## Raw data
* * * * * * *
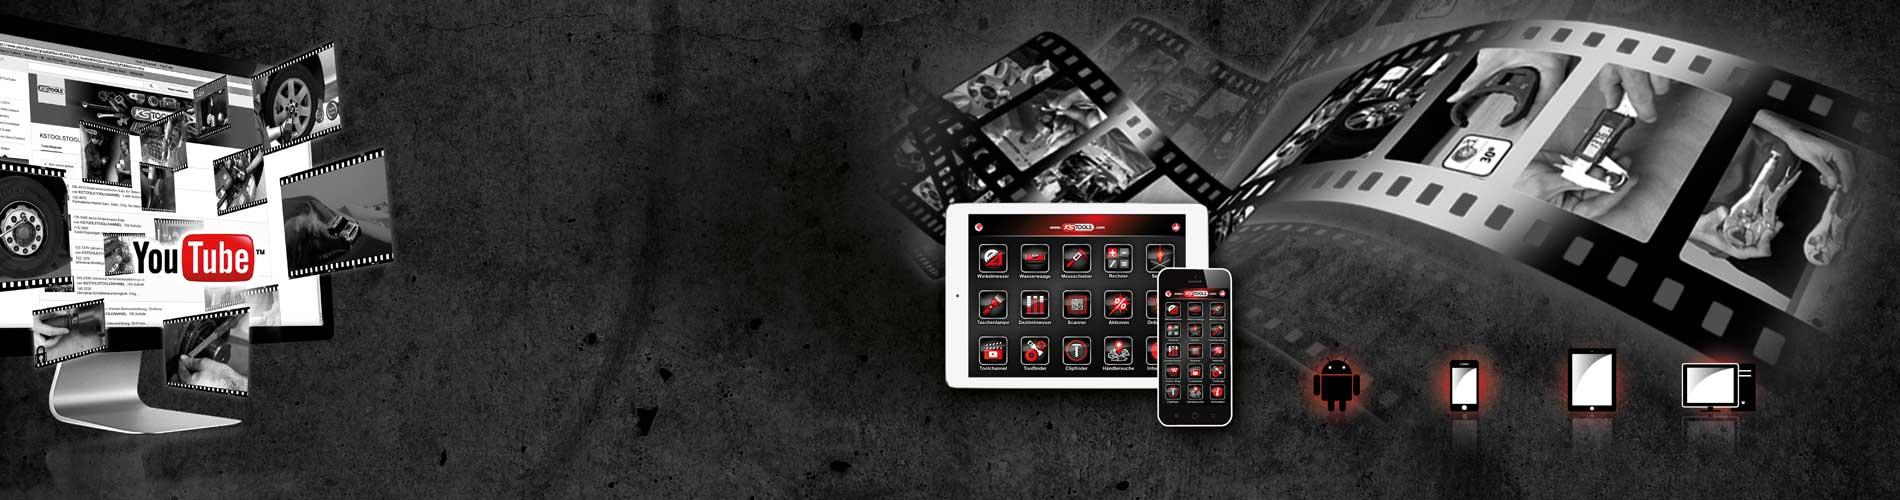 app | media | service | ks tools werkzeuge - maschinen gmbh
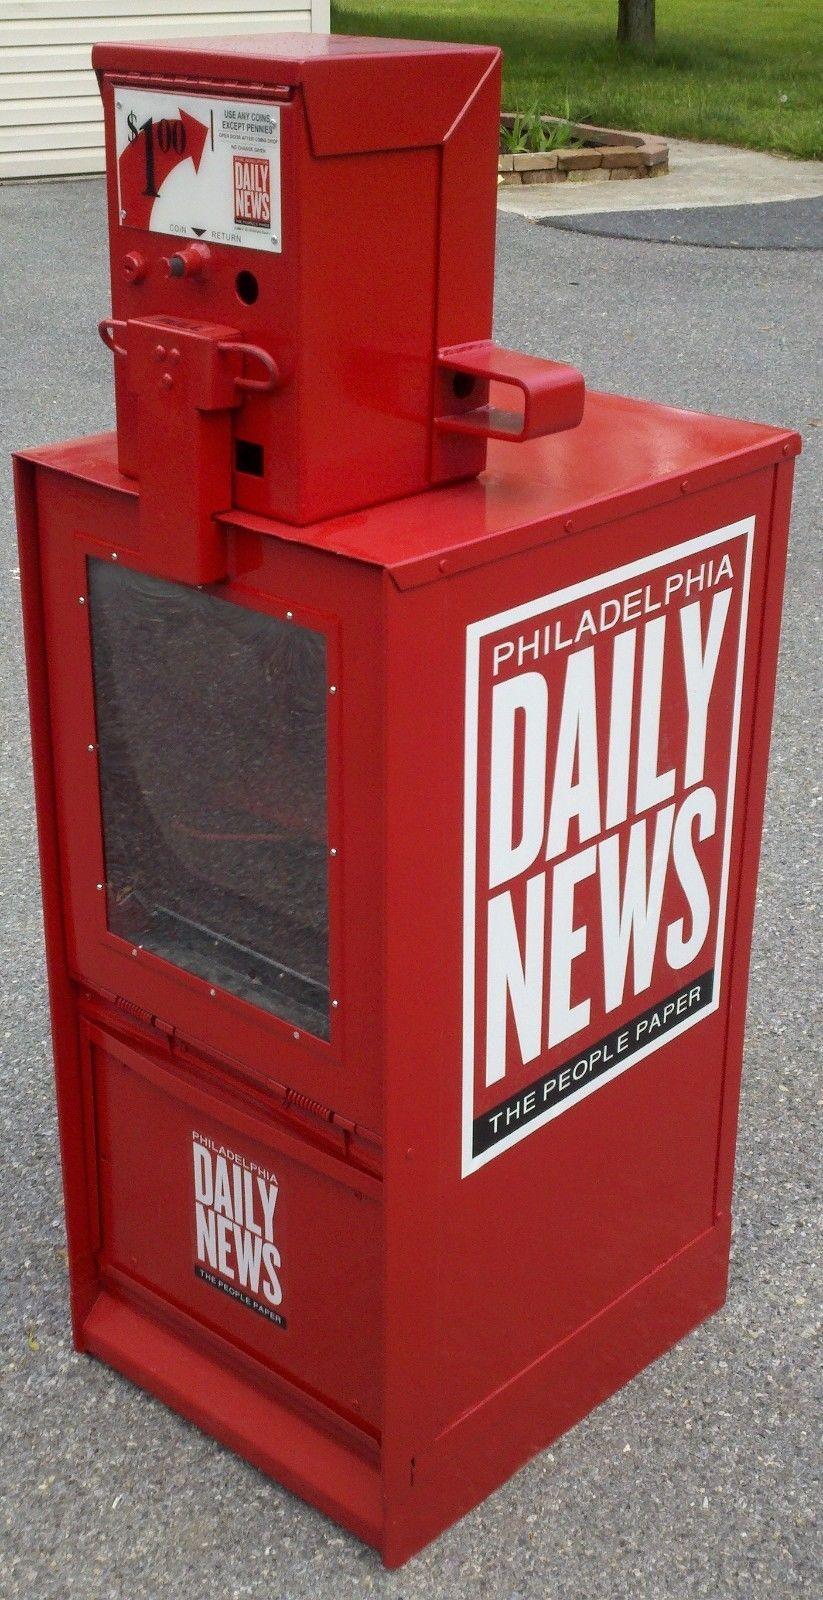 daily news paper for sale only 4 left at 65. Black Bedroom Furniture Sets. Home Design Ideas
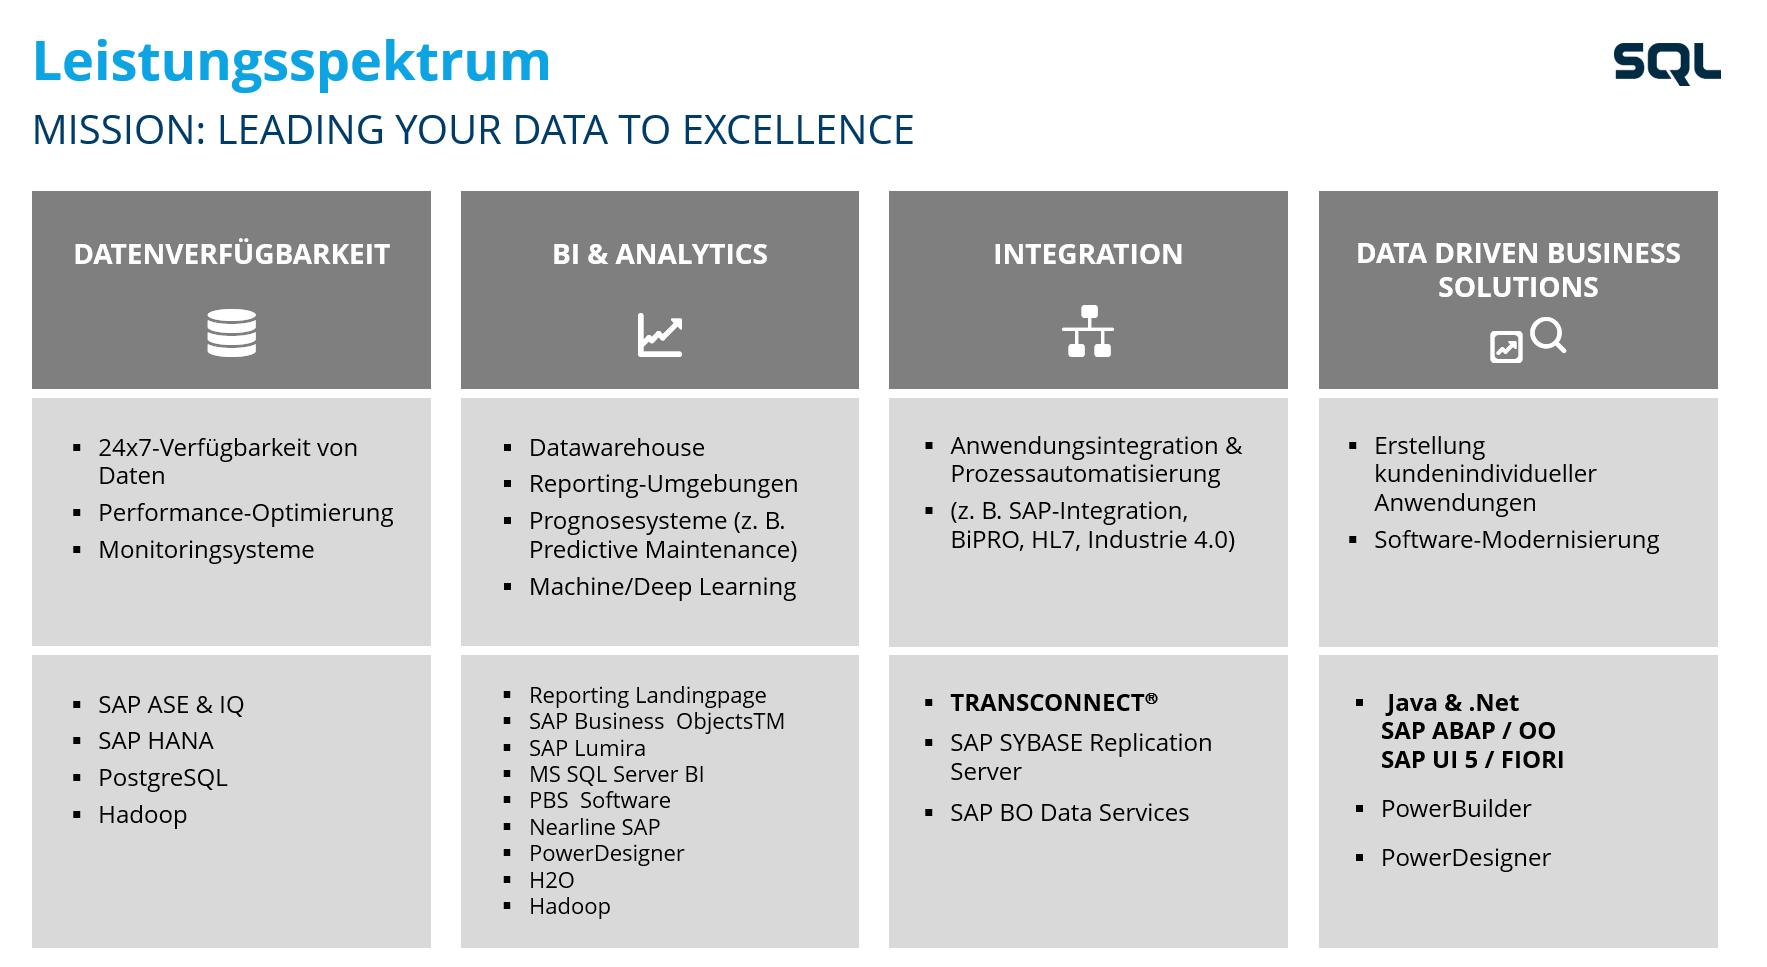 Leistungsspektrum - SQL Projekt AG
* * * * * * *
## What to work on
Retype the whole listing above exactly as written. Skip the pictures.

## Exercise answer
 app | media | service | ks tools werkzeuge - maschinen gmbh
 daily news paper for sale only 4 left at 65. Black Bedroom Furniture Sets. Home Design Ideas
 Leistungsspektrum - SQL Projekt AG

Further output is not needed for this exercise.